What is required>
None of the pictures should appear; the lines from the line containing "New Year 2017 Vector Backgrounds Vol.4" through the last line of the listing must be repeated exactly.

Given information>
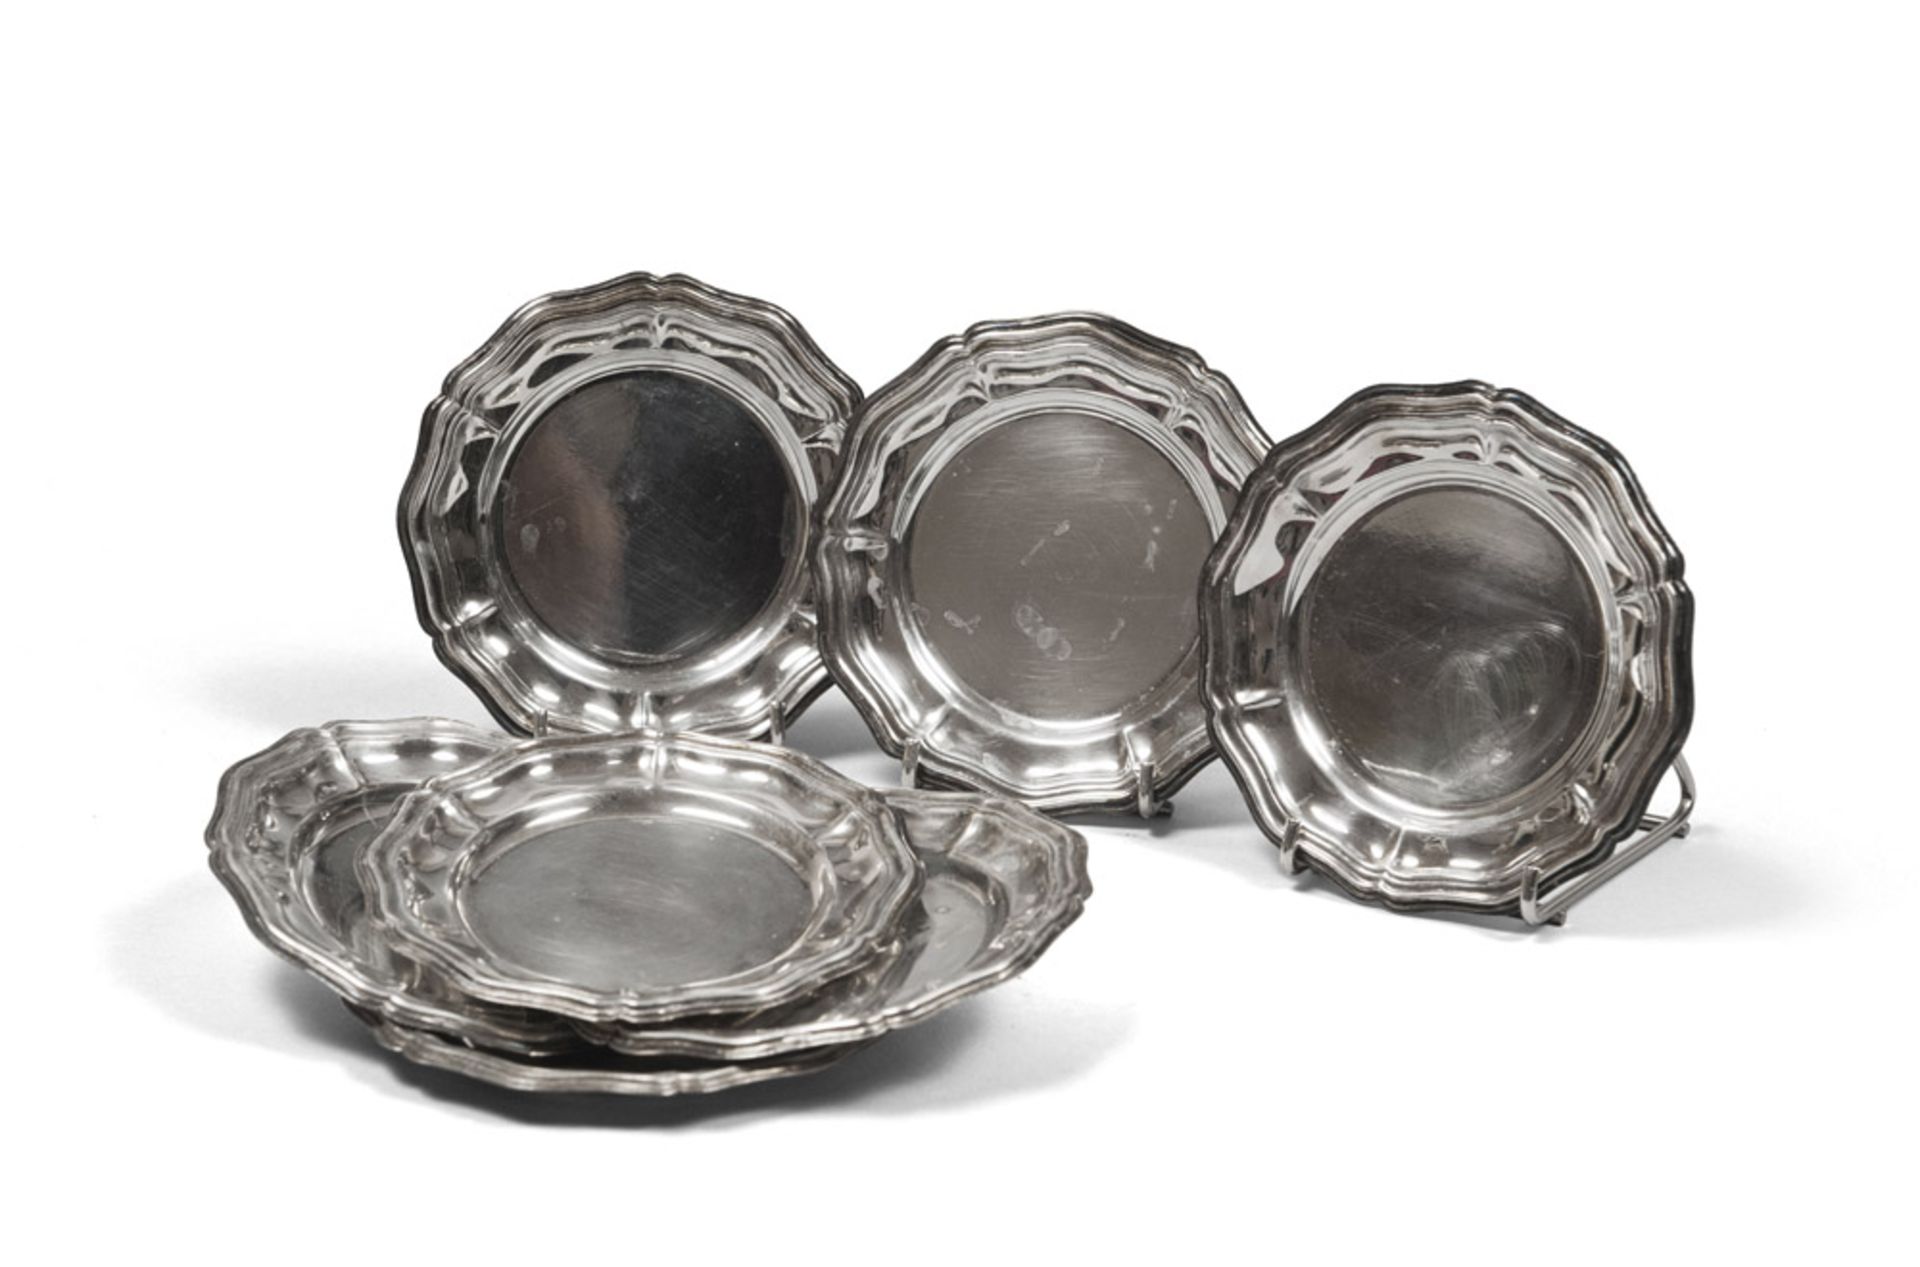 SEVEN SILVER SAUCERS, 20TH CENTURY nerved and embossed edge. Diameter 12 cm., weight 449 gr. SETTE
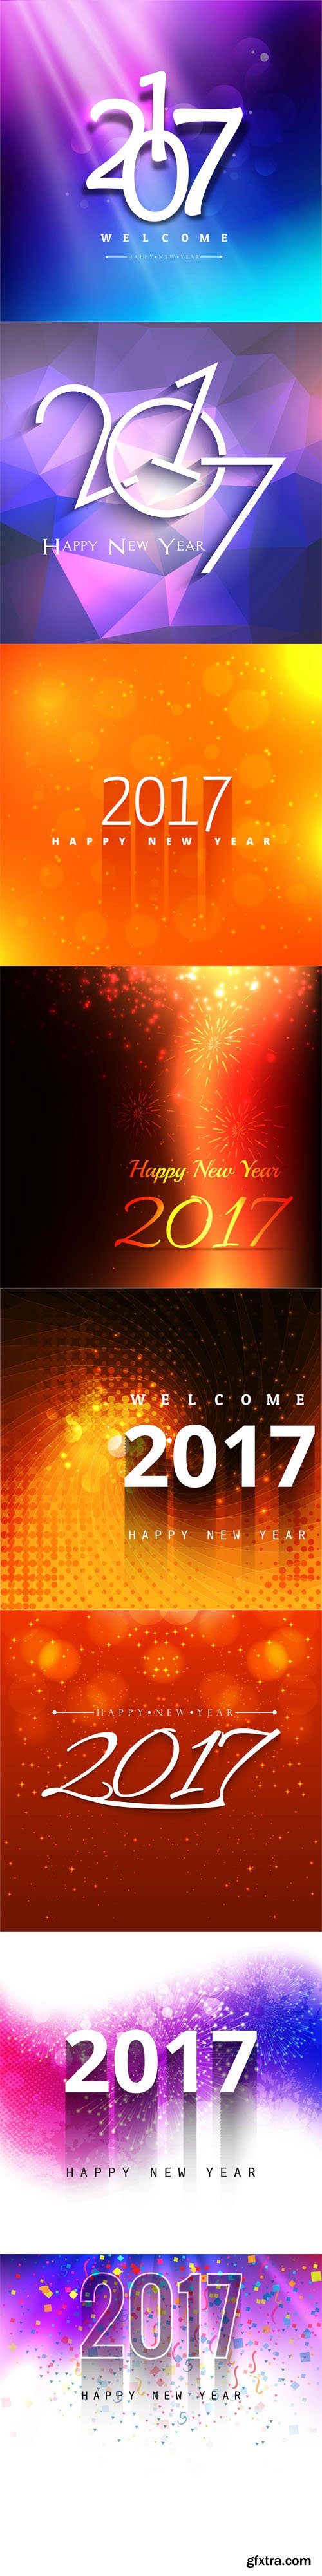 New Year 2017 Vector Backgrounds Vol.4
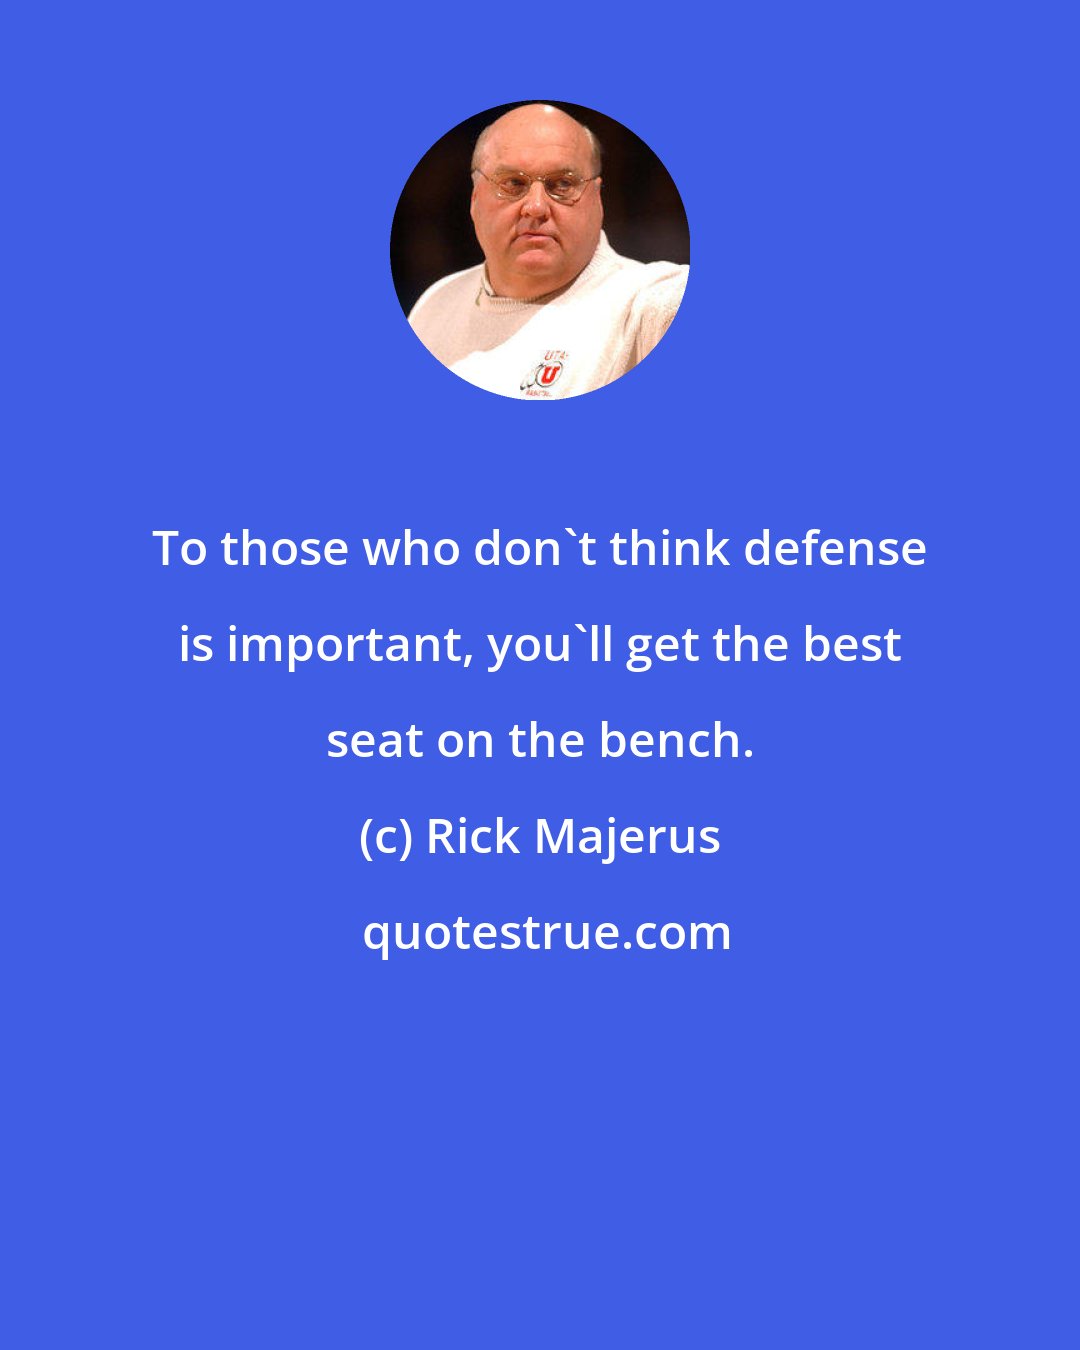 Rick Majerus: To those who don't think defense is important, you'll get the best seat on the bench.

Output of the task>
 New Year 2017 Vector Backgrounds Vol.4
 Rick Majerus: To those who don't think defense is important, you'll get the best seat on the bench.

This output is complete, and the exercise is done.